散财有道:南都公益基金会公益风险投资的理念与实践探索免费阅读在线

金融与投资 刘晓雪
简介: 国内第一本系统介绍投资思维式资助的专著。

编委成员

(按姓氏拼音排序)

程玉 黄庆委 刘晓雪

孙巍 杨国琼 郑聪

序言一

为了 “人人怀有希望”的社会

看到刘晓雪任执行主编的《散财有道——南都公益基金会公益风险投资的理念与实践探索》书稿,喜出望外。晓雪在南都基金会工作5年多,主要承担支持NGO领军机构的项目——景行计划,从规划、立项、起步、实施到项目实现阶段性目标后的升级,她个人从一般项目官员做到副总监,其间还生了两个孩子。生第一个孩子之后她提出辞职,为了留住人才,“南都”给她保留了兼职岗位。在2016年年底她正式辞职去创业的时候,又交出了一部研究书稿,岂不令人欣喜!附带说一句,晓雪原来是在袁岳的“零点调查”工作的,在银杏计划实施前,南都基金会与“零点”等机构合作开展公益人力资源调查,晓雪代表“零点”,项目完成后,被我们挖来了。2016年,南都基金会与猎聘公司合作的“心动力”公益职业人全国联合招聘项目,也是晓雪负责的。这次,她更加清楚地看到了公益人力资源市场的发展潜力,被市场“勾引”,决定“下海”办公司,专门服务于公益人才市场。尽管南都基金会自己在人力资源上也是捉襟见肘,但秘书处领导还是忍痛割爱给予放行;我则一向尊重个人职业选择的自由,晓雪要去做的,是突破公益人才瓶颈的商业服务机构——社会企业,自然应该鼓励。

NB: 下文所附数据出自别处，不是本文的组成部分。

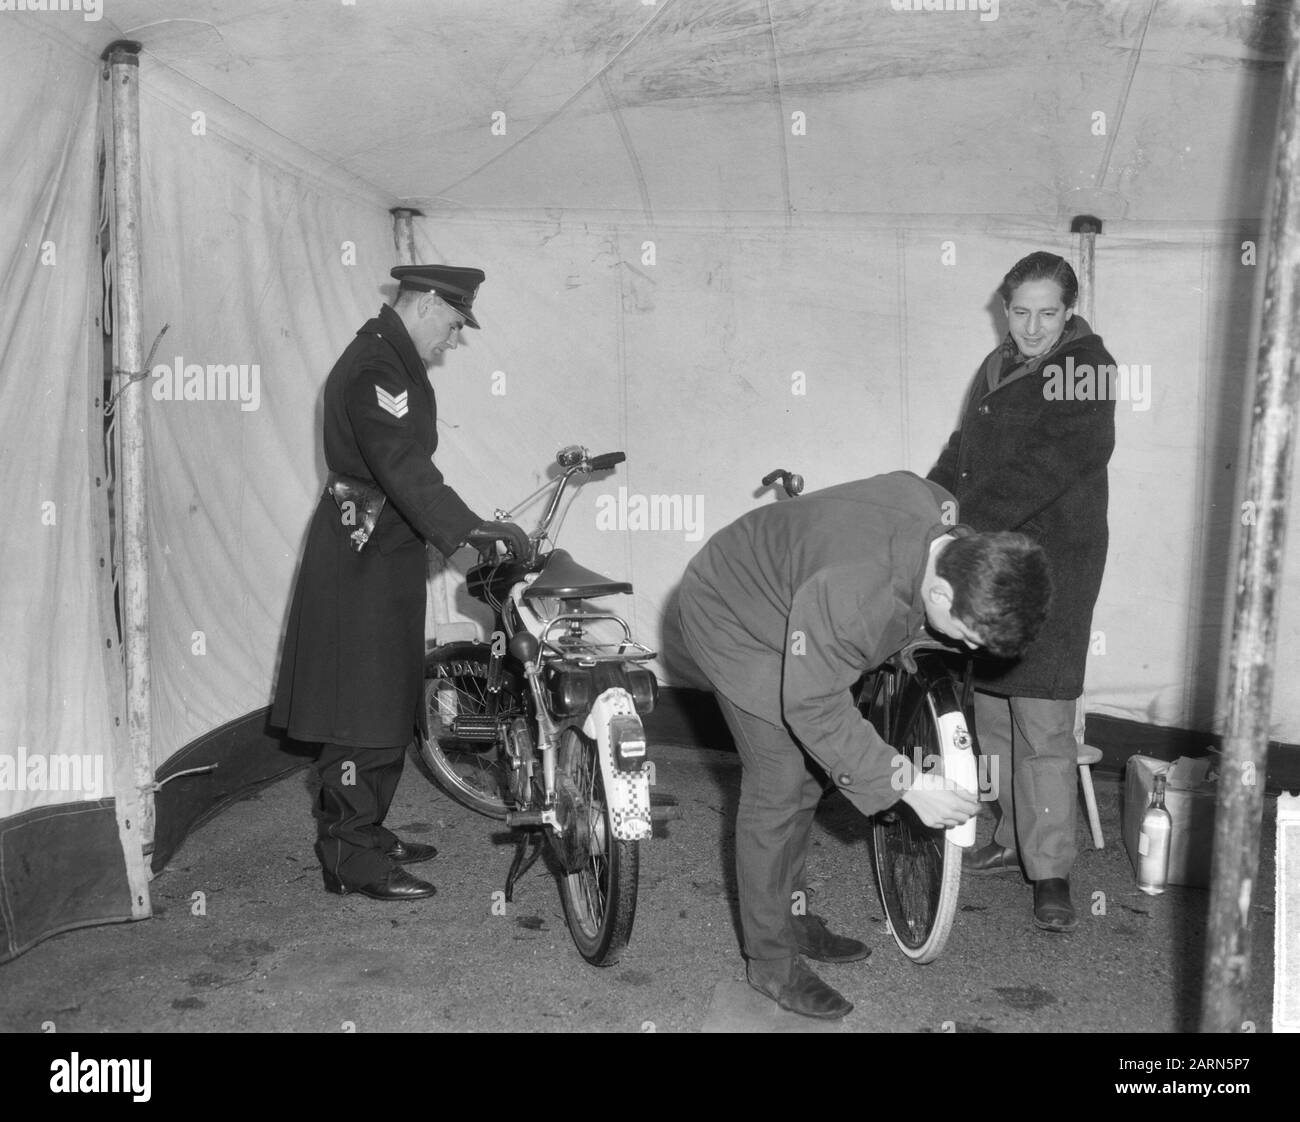 White mudguard without charge, the tent on the Museumplein Date: November 16, 1964 Keywords: fenders, tents Stock Photo

晓雪与南都基金会的职业关系,以公益人才调查始,以公益人才推动终,也算画了一个圆满的句号。

晓雪请我作一个序,我答应了。我平时讲话、写文章,几乎不说南都基金会的事情,形成了“徐永光只为推动公益行业发声,不为南都基金会发声”的定规。还有,南都理事会特别是主要出资人周庆治主张低调——2017年是南都基金会成立的第10个年头,他还未接受过媒体采访;秘书处计划10周年花点钱请第三方做一个南都基金会10年评估,庆治和南都前任理事长何伟都说:不必花这钱,自己总结就行了。而10年二三亿捐款支出,他们既把得很严,又不像对自己那么抠门。故借作序之机,回溯点南都的事,算是顺理成章了。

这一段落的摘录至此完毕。